Multiple sclerosis (MS) is an inflammatory demyelinating disease of the CNS that has a component of genetic susceptibility. The locus with the strongest association with susceptibility is the major histocompatibility complex (MHC), and this association has been well-validated in a multitude of studies.1 The main risk haplotype for MS within the MHC is tagged by the HLA DRB1*1501 allele.1 However, there is mounting evidence that other haplotypes may also contribute to MS susceptibility in European populations.2–5 In particular, 3 class I MHC alleles have been proposed to be associated with susceptibility to MS after accounting for the effect of HLA DRB1*1501: HLA A*02, HLA B*4402, and HLA C*05.2,6–10 The most recent class I MHC allele, HLA B*4402, was discovered by imputing HLA alleles from single nucleotide polymorphism (SNP) genotype data and is consistent with a recent report that the HLA Bw4 group of HLA B alleles (which includes HLA B4402) is associated with reduced susceptibility to MS.8,11
While imputation of SNP data provides good estimates of HLA type in many cases, the effectiveness of this method is allele-specific.
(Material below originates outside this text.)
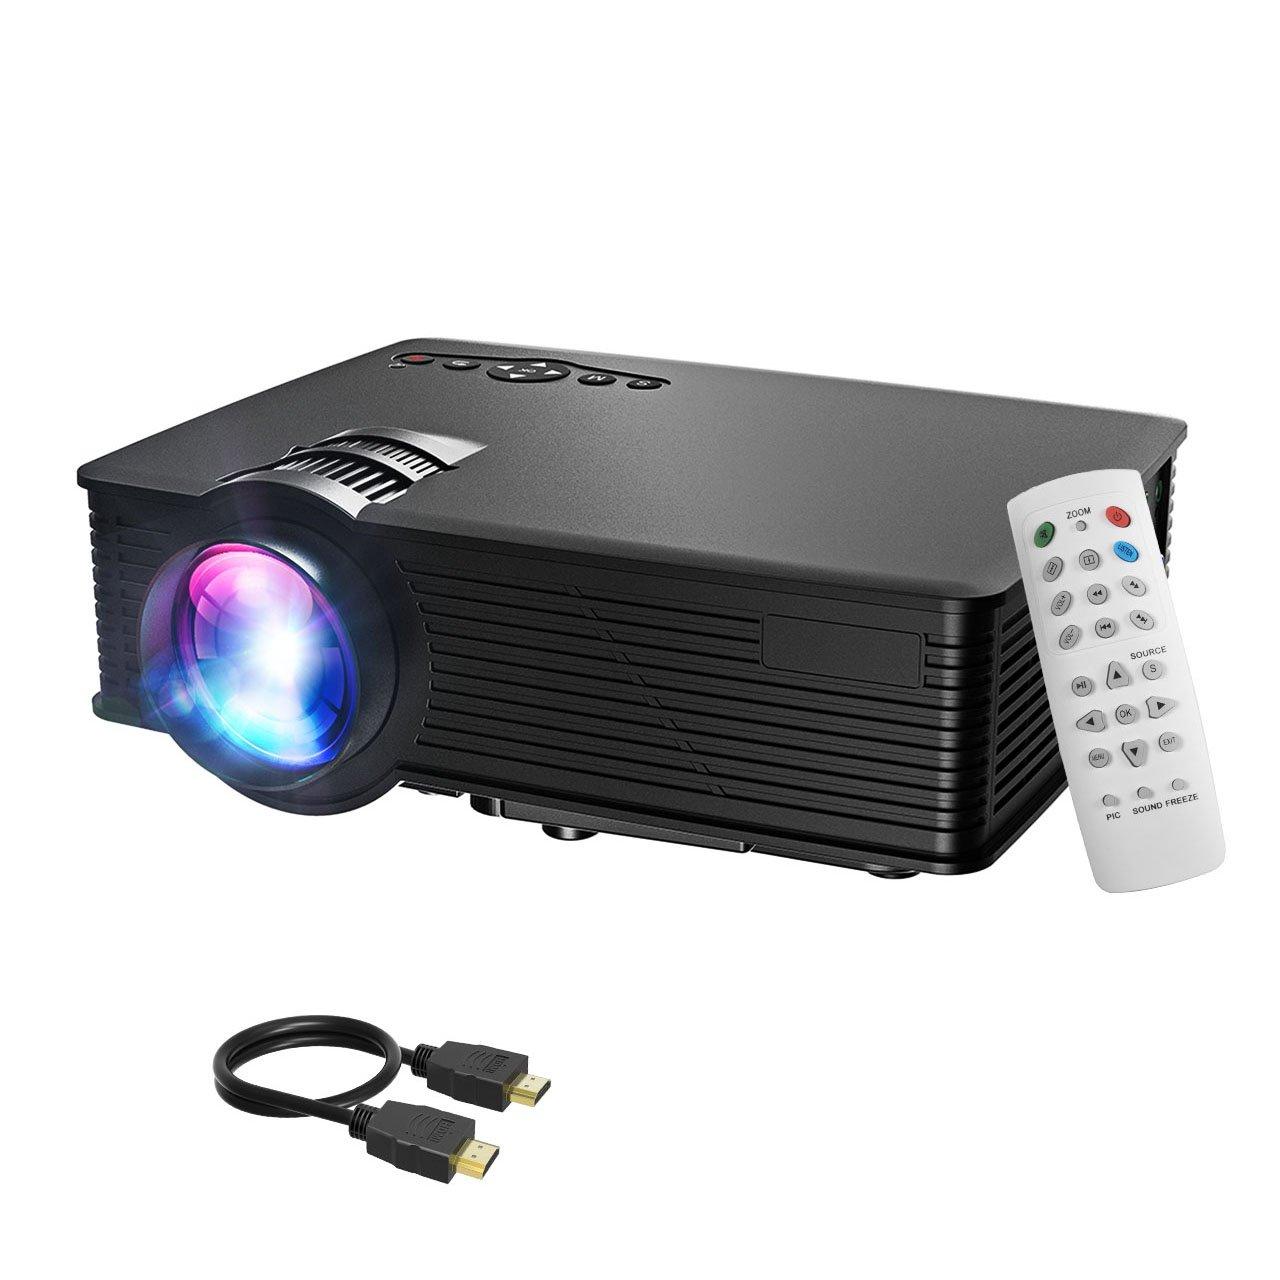 LCD proyector, Mpow LCD Projector 1200lúmenes LED Mini proyector Home Cinema portátil Multimedia cine en casa con USB SD HDMI...

SNP data can localize an effect, but there is, as yet, not a comprehensive set of surrogate SNPs for each MHC class I or II allele.12 Thus, we turned to a novel, independent dataset of class I and II MHC typing data to validate the respective roles of these 3 MHC class I alleles. Our new data are of 2-digit resolution, meaning that, for example, HLA B*4402 is one of several alleles captured under the HLA B*44 rubric used in the HLA typing data that we have collected in the subjects from the Partners MS Center in Boston.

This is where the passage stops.